3. A developer uses LangGraph (a framework used to build complex AI agents) to configure an AI agent ecosystem for automating customer support.
- Context curation: The AI agents are connected to prior support tickets, product FAQs, system documentation, and real-time data feeds. These curated resources and detailed contextual instructions ensure that responses are relevant and up to date.
- Intent framing: The developer sets agent behavior and output expectations, such as resolving issues on first contact, escalating complex issues to humans and maintaining a friendly tone. This framing helps align AI results with output quality standards.
Looking ahead: Preparing for agentic AI ecosystems
Over the next five years, enterprises will increasingly rely on agentic AI ecosystems, which are networks of AI agents operating semi-autonomously across departments, systems and workflows. For a CXO, this shift means rethinking ways to create, operationalize and scale value. Leaders who understand and champion context curation and intent framing will be better equipped to allocate resources wisely, safeguard enterprise decision quality, maintain strategic alignment across AI-enabled teams and most importantly, up their prompt engineering game.

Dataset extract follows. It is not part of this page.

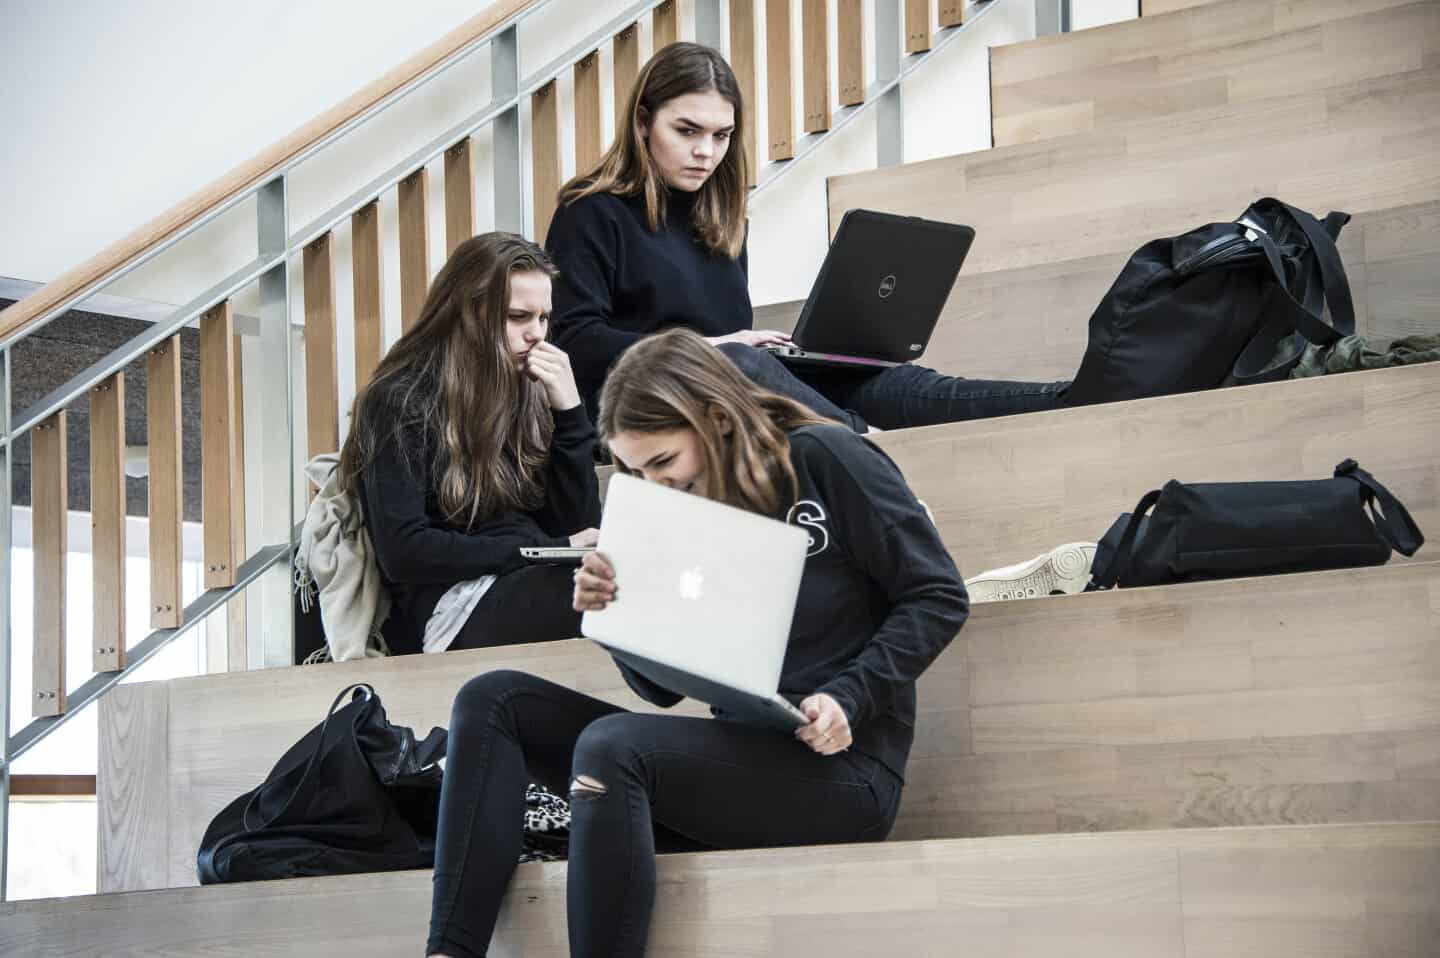 International klasse på vej til Nørre Aaby: Elever skal kigge ud verden | frdb.dk

For developers, fluency in context and intent means they will no longer just be writing code. Instead, they will be designing how intelligent agents interact, make decisions and learn. Moving from builders to alignment engineers, developers will become more responsible for ensuring agentic system results stay grounded in human goals.
A new form of literacy
Like the way we became comfortable using calculators and Google, context curation and intent framing skills are becoming the new digital literacy. Being able to ask the right questions, give the right background, and guide an intelligent agent toward a goal will be as fundamental as reading and writing, which is why I’m teaching these core AI literacy skills to my children.
Success in the era of agentic AI ecosystems will partly depend on the ability to master these skills, which will shape how your organization builds, guides and governs AI to stay aligned with human goals.